New Orleans seminary receives diverse assistance
Posted: 9/30/05
New Orleans seminary
receives diverse assistance
By Greg Warner
Associated Baptist Press
NEW ORLEANS (ABP)–Seminaries across the theological spectrum offered help to New Orleans Baptist Theological Semi-nary, which temporarily moved operations from its flooded campus to a satellite site in Atlanta.
Theological schools as diverse as conservative Dallas Theological Seminary and liberal Union Theological Seminary in Richmond, Va., offered help, including waived tuition and streamlined enrollment, to students who want to transfer for a semester or a year.
Even Atlantic School of Theology in Halifax, Nova Scotia–2,817 miles away by car–offered to waive international fees for New Orleans' students.
Moderate Baptist schools, such as Baylor University's Truett Theological Seminary, Baptist Theological Seminary at Richmond, and Gardner-Webb University's M. Christopher White School of Divinity, have invited students from New Orleans to enroll temporarily while the school gets back on its feet.

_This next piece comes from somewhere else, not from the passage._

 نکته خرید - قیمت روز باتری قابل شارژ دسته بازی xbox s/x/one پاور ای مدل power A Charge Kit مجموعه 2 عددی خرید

The Richmond seminary is offering to pay tuition costs for students who enroll in web-based or on-campus courses until normal operations resume at the New Orleans campus. At least one student has accepted a similar offer from Truett Seminary.

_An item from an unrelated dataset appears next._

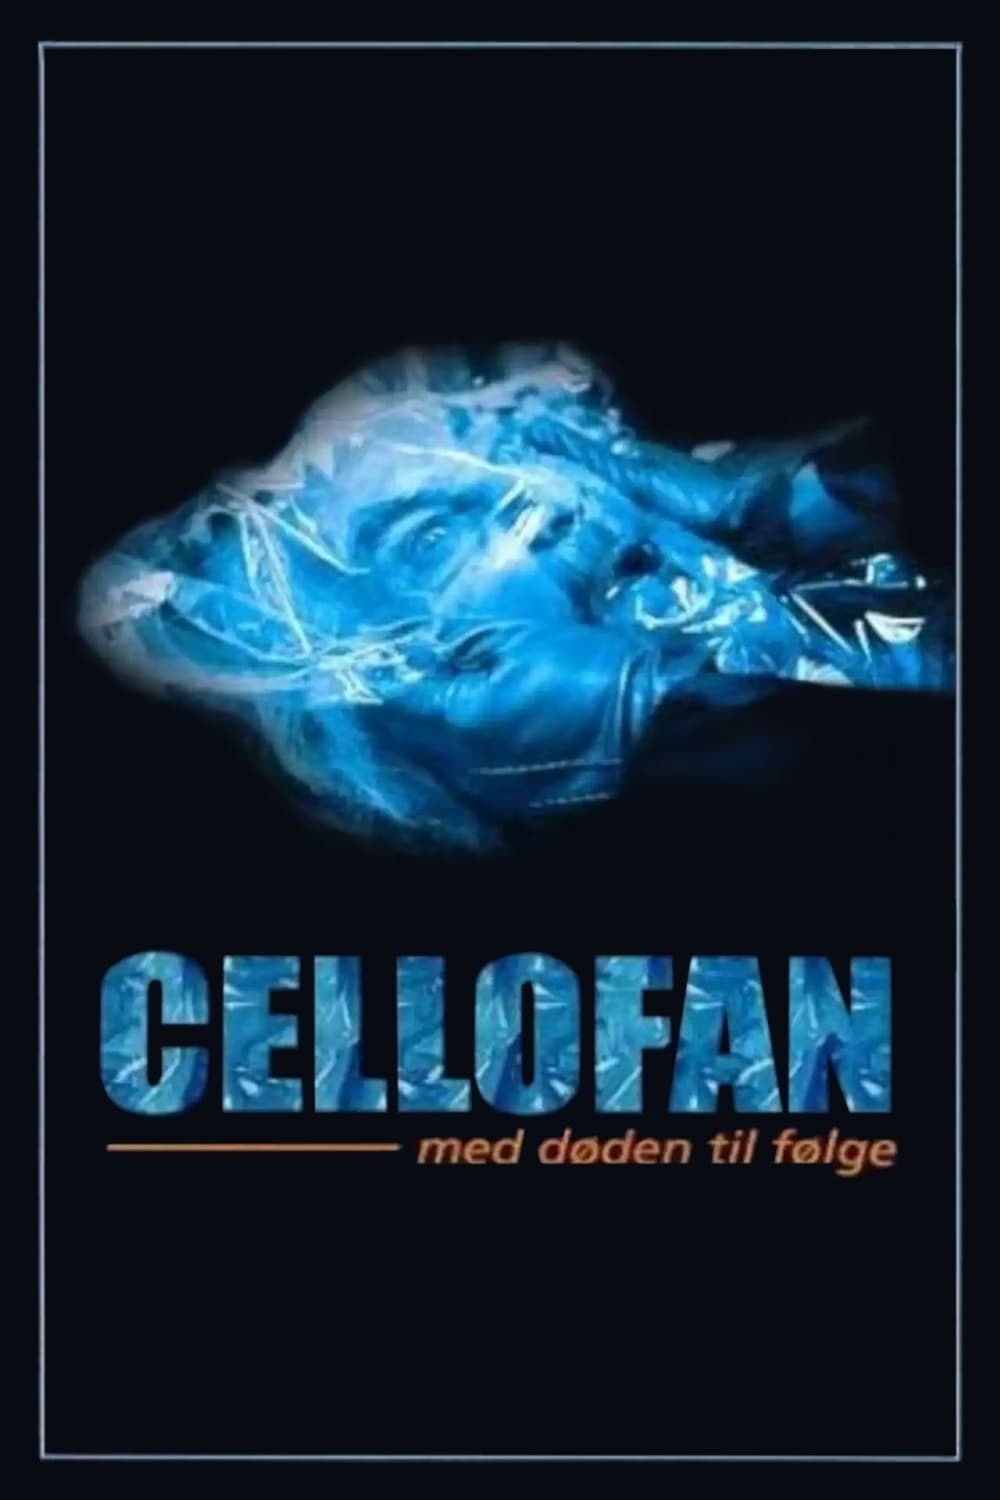 Cellophane (1998)

Dan Aleshire, executive director of the Association of Theological Schools, wrote New Orleans President Chuck Kelley to relay the offers of help.
But officials at New Orleans hope to keep most of their students connected to the Southern Baptist school.

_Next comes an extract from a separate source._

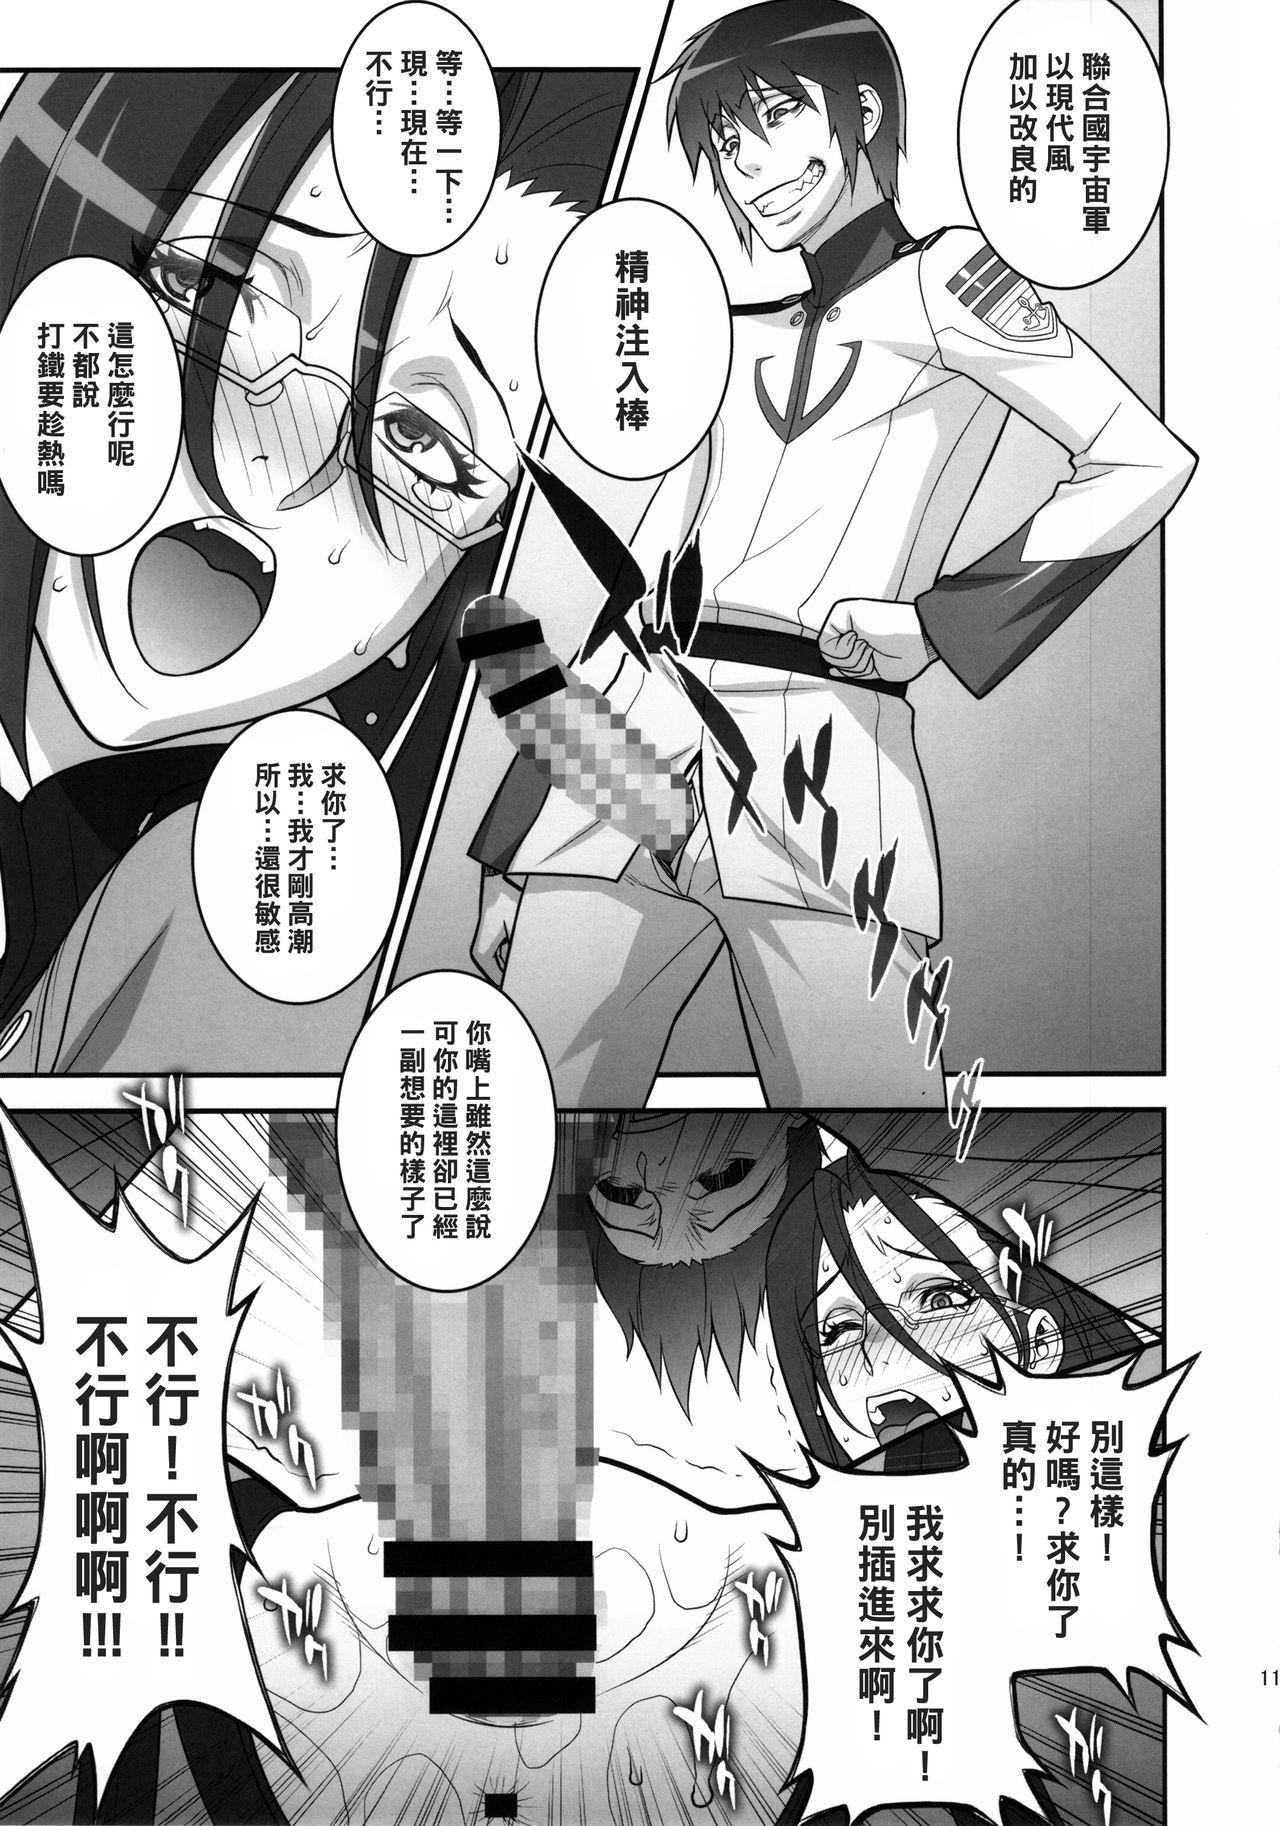 Masturbates Ero Niku Onna Shikan Dono - Space battleship yamato 2199 Str8 - Page 10

About 1,500 of the seminary's 3,400 students are enrolled in one of 17 extension centers across the Southeast, which means almost half of the student body can continue study uninterrupted.
The 1,900 New Orleans-based students are being encouraged to enroll in the Atlanta extension, where the seminary administration has moved temporarily, in other extension centers, Internet classes or other alternatives.
Although the New Orleans campus will be closed until at least January 2006, most of the scheduled classes will be conducted as “directed study” with Internet enhancements, a seminary official said.
“Therefore, all of our on-campus students can complete this semester and keep on track toward graduation,” Provost Steve Lemke said in a letter to Aleshire. “Although a few of our students have transferred to other institutions who generously offered free tuition and lodging, we hope to keep the overwhelming number of students enrolled at NOBTS through these diverse delivery systems.
“Although most of our academic buildings survived with only modest damage, all 40 of our on-campus faculty residences and many of our student apartments were flooded from between four feet to 10 feet, essentially destroying all the earthly possessions of many in our seminary family.”
Most of the damage to faculty and student residences will not be covered by insurance, Lemke explained.
Some churches and seminaries are offering free or affordable housing to seminary students left homeless by the flooding.
Among the seminaries offering various types of assistance are Virginia Protestant Episcopal in Alexandria, Va.;, Lutheran Theolog-ical Southern Seminary in Columbia, S.C.; Associated Men-nonite Biblical Seminary in Elkhart, Ind.; United Theological Seminary in Dayton, Ohio; and Lexington (Ky.) Theological Seminary.
Southwestern Baptist Theolog-ical Seminary welcomed the New Orleans faculty to its Fort Worth campus for a hastily scheduled retreat Sept. 9-11, during which the New Orleans faculty made plans to continue the fall semester.
At a Sept. 27 meeting, New Orleans Seminary trustees voted unanimously to keep the school in New Orleans, and they proposed adminstrative plans to restore the main campus to normal operations by August 2006.